Eh bien! non! le sabre est terrible, c’est vrai, son aspect est formidable, mais il est peut-être moins dangereux que l’épée, moins perfide que le fleuret; ces armes souples comme le serpent, acérées comme l’aiguille, qui vous tuent sans vous tirer une goutte de sang.

Avec le bancal, au moins, on voit sa blessure. Pas n’est besoin qu’un des témoins y vienne coller ses lèvres pour arrêter l’épanchement intérieur, elle saigne pardieu bien d’elle-même!

Voulez-vous des entailles et des estafilades? parlez-moi du sabre. Tudieu! quels beefsteacks il vous enlève, lorsqu’habilement manié il tombe sur une partie charnue.

—Et voilà pourquoi, conclut La Pinte, le bancal est pour un maladroit comme la meilleure des armes. Il ne te tuera pas en traître, comme un carrelet, tu auras le temps de le voir venir, et si tu es estropié, sois tranquille, tu le sentiras bien.

XXXV

Le lendemain, à la pointe du jour, Gédéon et son adversaire se rencontraient sur le terrain des manœuvres, théâtre ordinaire de ces expéditions. Ils étaient suivis de leurs témoins et assistés du maître d’armes.

Sans ce dernier, pas de duel autorisé au 13e. Arbitre absolu, il remplit les fonctions de juge ou maître de camp. Il décide des coups, et, le moment venu, déclare l’honneur satisfait.

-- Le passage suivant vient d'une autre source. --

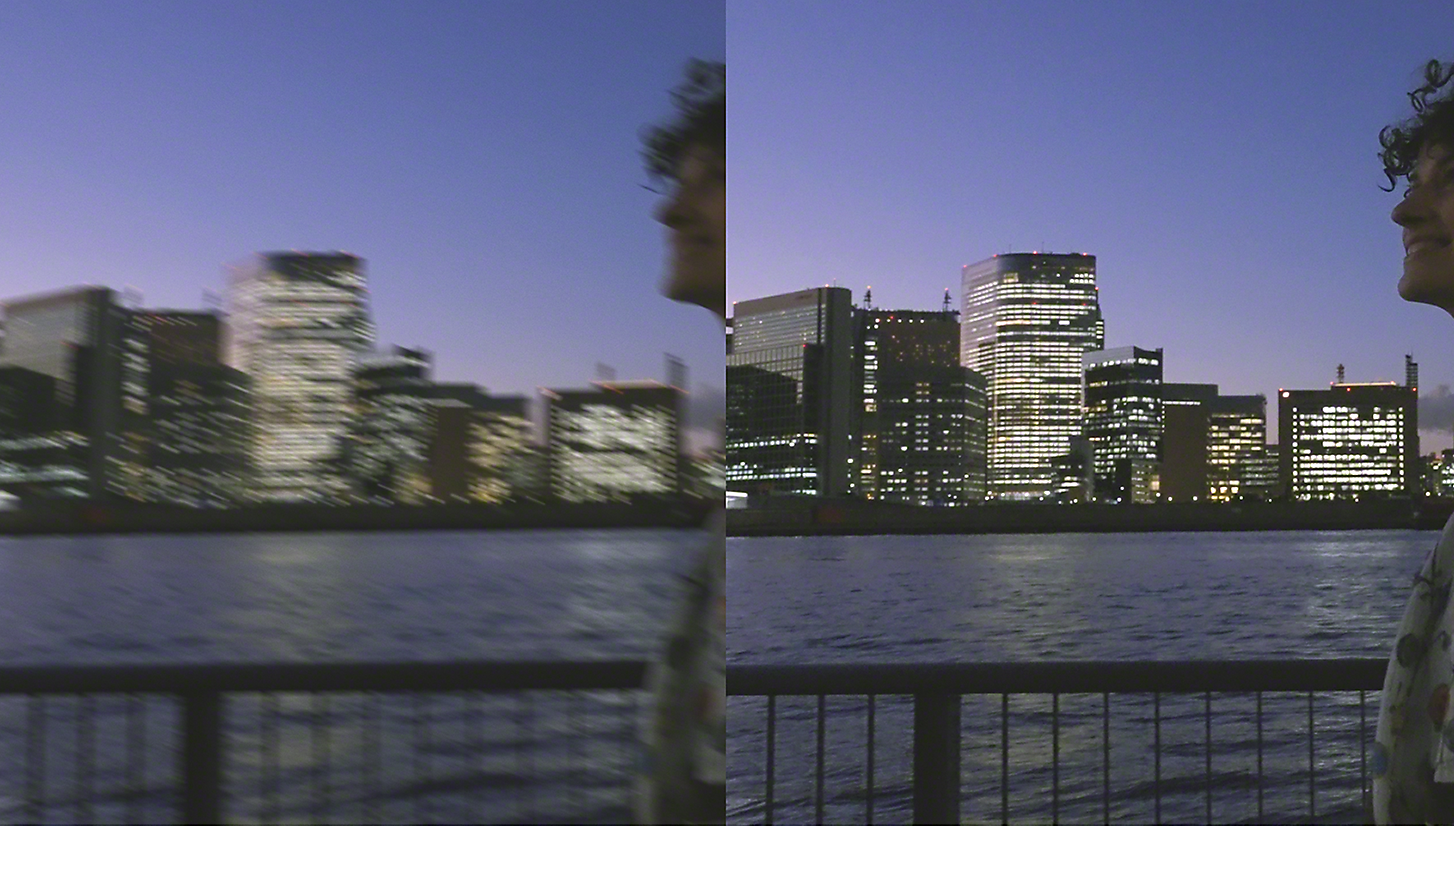 Zweifache Darstellung einer Stadtlandschaft bei Nacht – das linke Bild ist verschwommen, das rechte ist klar und scharf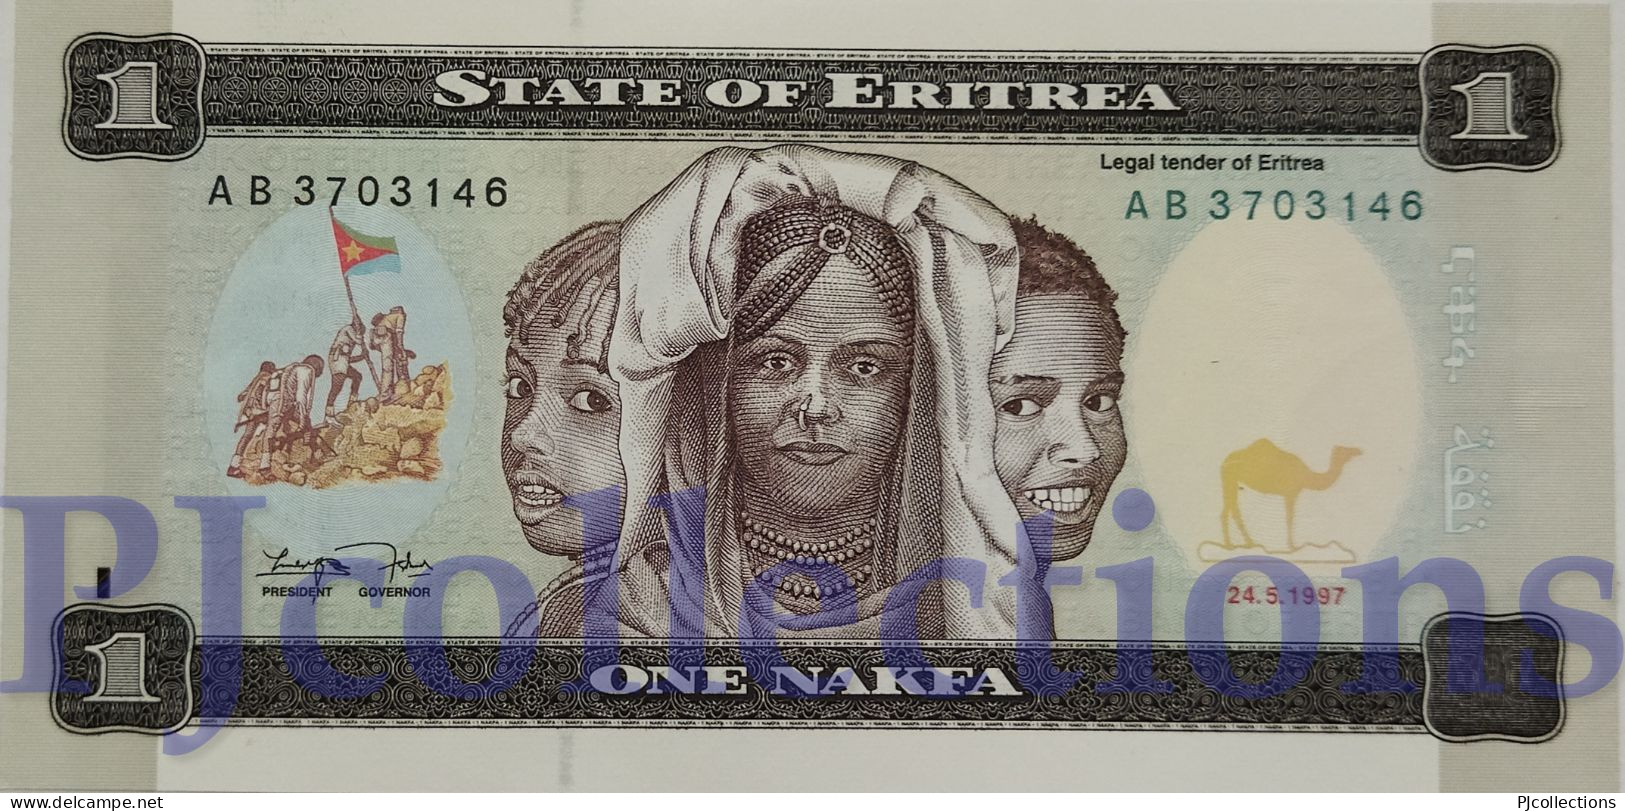 LOT ERITREA 1 NAKFA 1997 PICK 1 UNC X 10 PCS - Eritrea

Un homme charmant, le maître d’armes du 13e, et le meilleur tireur de contre-pointe de l’armée! Un bras de fer, des muscles et des jarrets d’acier, et quel coup d’œil!

Il faut le voir à sa salle, lorsqu’il a mis bas le dolman pour revêtir le plastron blanc, sur lequel brille un cœur écarlate. Sans peine et sans fatigue, il suit les cinq ou six leçons que donnent ses prévôts. Un joli coup se présente-t-il? crac, son épée étincelle comme l’éclair et arrive comme la foudre, à l’un, à l’autre. Il pare, riposte, attaque, il a dix engagements à la fois. Les scintillements des sabres et des épées font à son front comme une auréole, il est le dieu du fer.

On n’a vraiment à lui faire qu’un seul reproche. Lorsque lui-même daigne donner une leçon avec les sabres de bois d’étude, il prend un malin plaisir à faire de temps à autre pleuvoir une grêle de coups sur les doigts, les bras et les épaules de ses élèves trop lents à la parade.